You can set up a Heartbeat interface on your Web application that checks every 20 seconds to failover when something goes wrong.

Thus, the availability of a system that horizontally scales out a single point of failure with the same function of the server, and triggers automatic failover via a health check mechanism, is 100% – (100% – 99.99%) × (100% – 99.99%) = 99.999999%. This reduces the number of hours of inservice by a factor of 10,000. In practice, usability is not that ideal. In terms of hardware, from the server to the switch, from the network cable to the power supply of the equipment room, from the overall heat dissipation of the equipment room to the external optical fiber lines, there are many possible problems. This is why we need to design high availability at the system level, because after the number of machines, each step can make a big difference.

conclusion

Horizontal scaling and usability are not enough. Once you have a lot of servers in your system. In particular, when we scale out stateful databases with the same functionality to ensure availability, we face a new challenge: partition consistency. However, the problem is more of a software design problem.

Vertical scaling of service capabilities by upgrading hardware specifications. In addition, you can also increase the number of servers to improve service capacity. But at the end of the day, we must take the path of horizontal expansion.

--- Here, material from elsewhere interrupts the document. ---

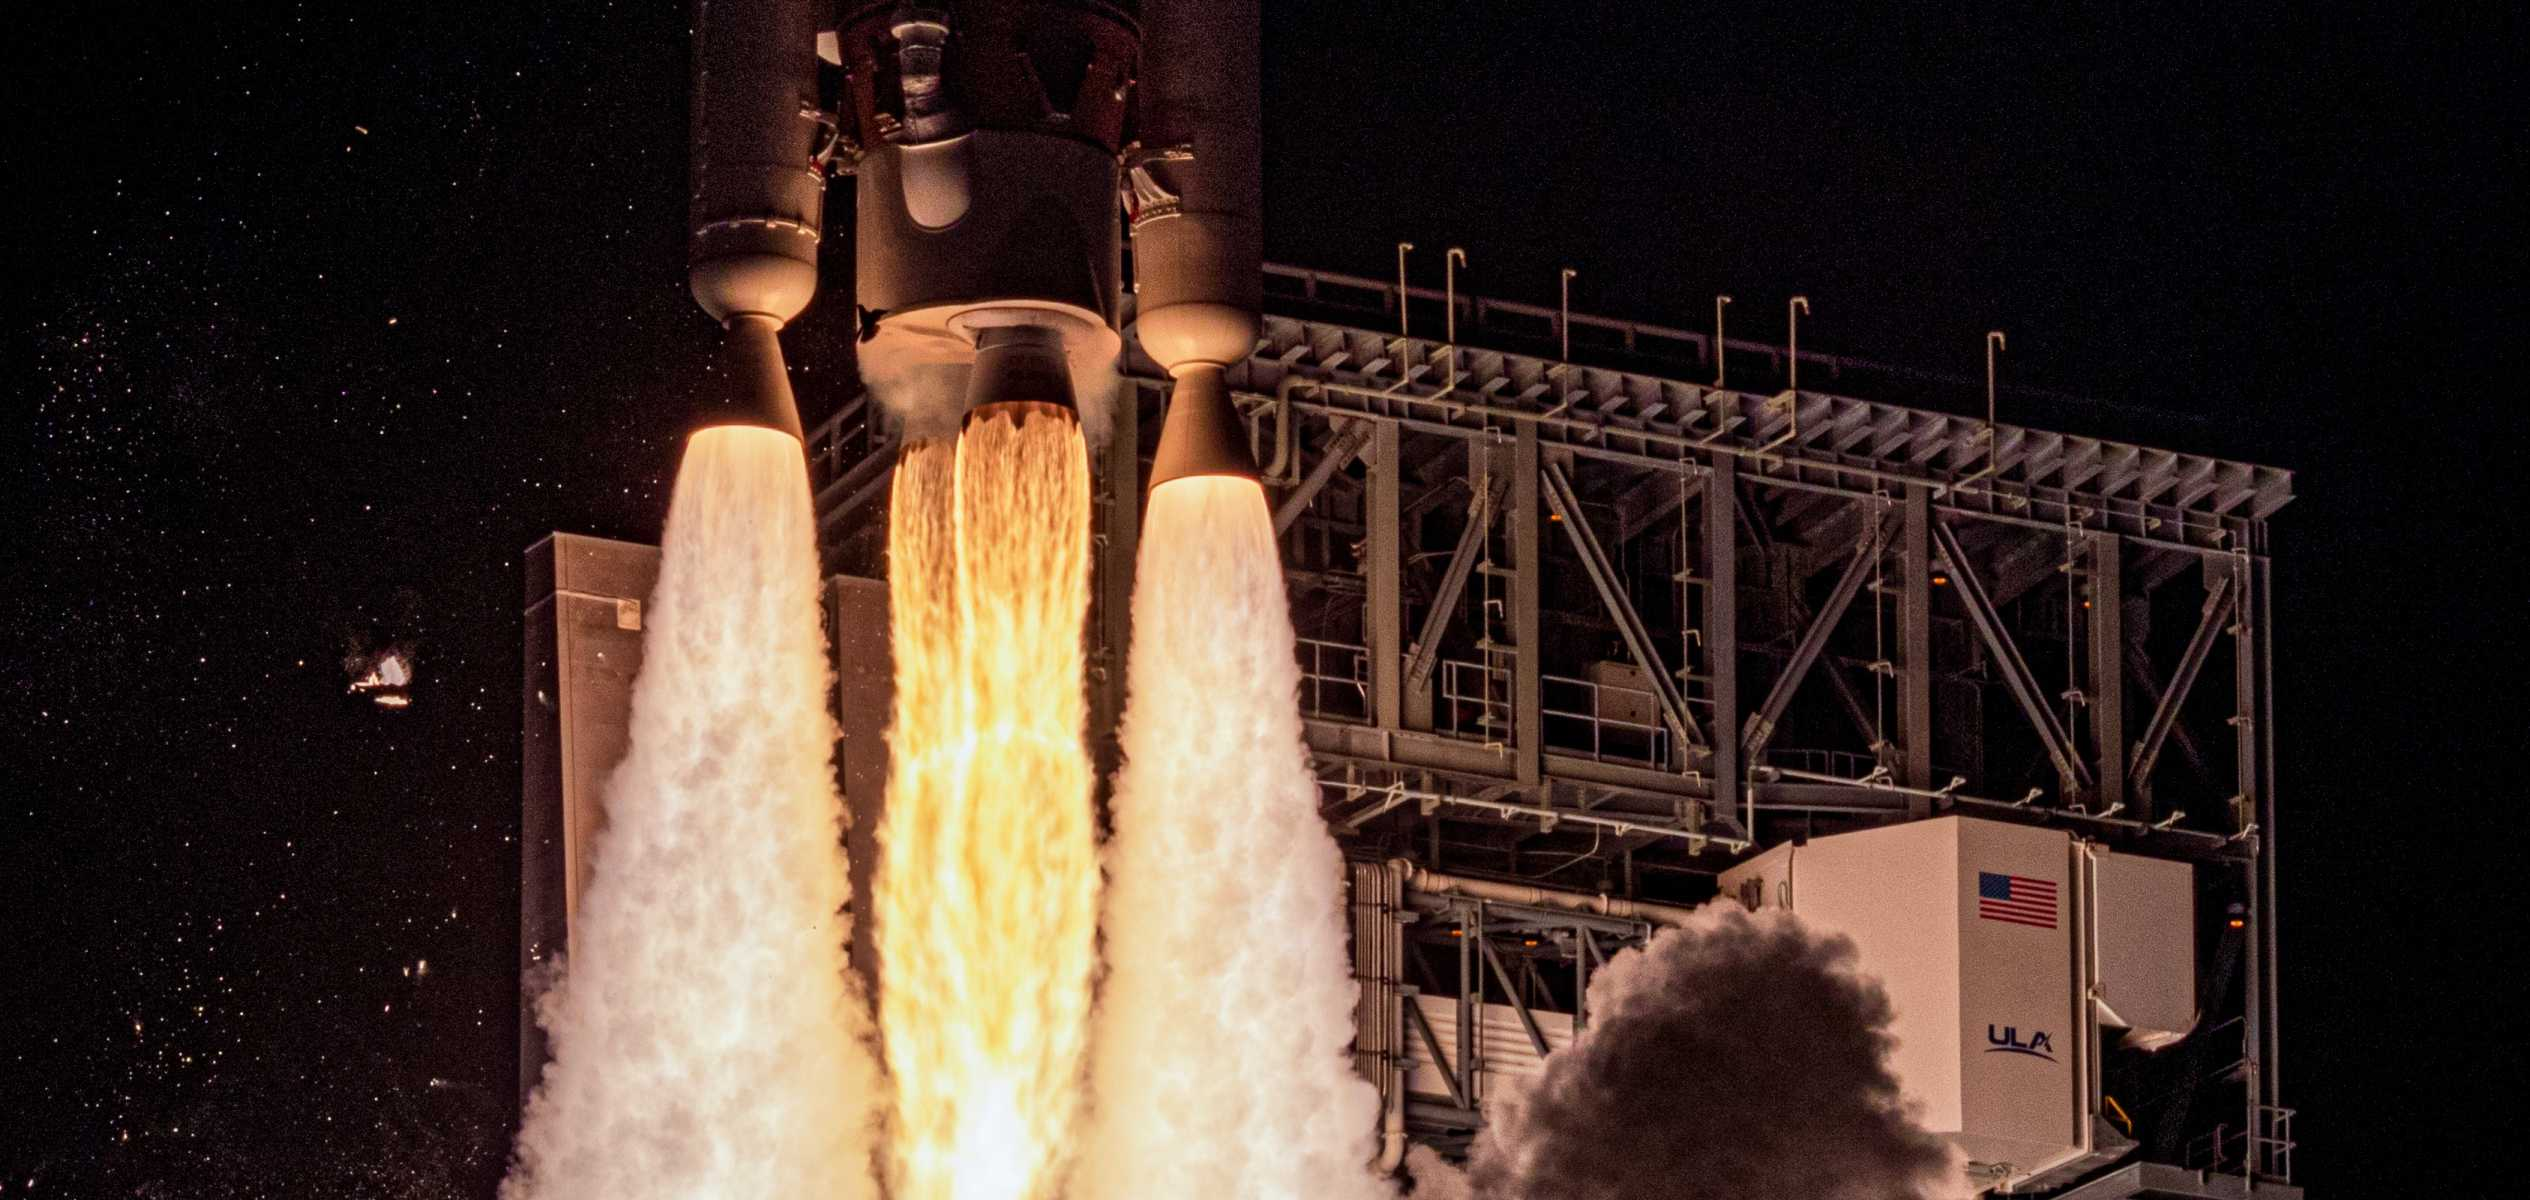 Starliner OFT Atlas V LC-41 122019 (Richard Angle) liftoff 1 crop (c)

Partly because vertical scaling is unsustainable; On the other hand, only horizontal scaling can guarantee high availability. Securing high availability through horizontal scaling requires us to do three things. The first is to understand how usability is calculated. Server hardware damage is only one of the factors that may cause availability loss. Power supply, heat dissipation, switches, and network cables in the equipment room may cause availability loss. And external fiber optic cables, natural disasters, also have the potential to cause our entire system unusable. Therefore, when analyzing and designing the system, we need to eliminate single point of failure as much as possible. Furthermore, we need to have an automated failover strategy for hardware failures. After all these strategies are in place, we can really breathe a sigh of relief and sleep well under the massive load and traffic.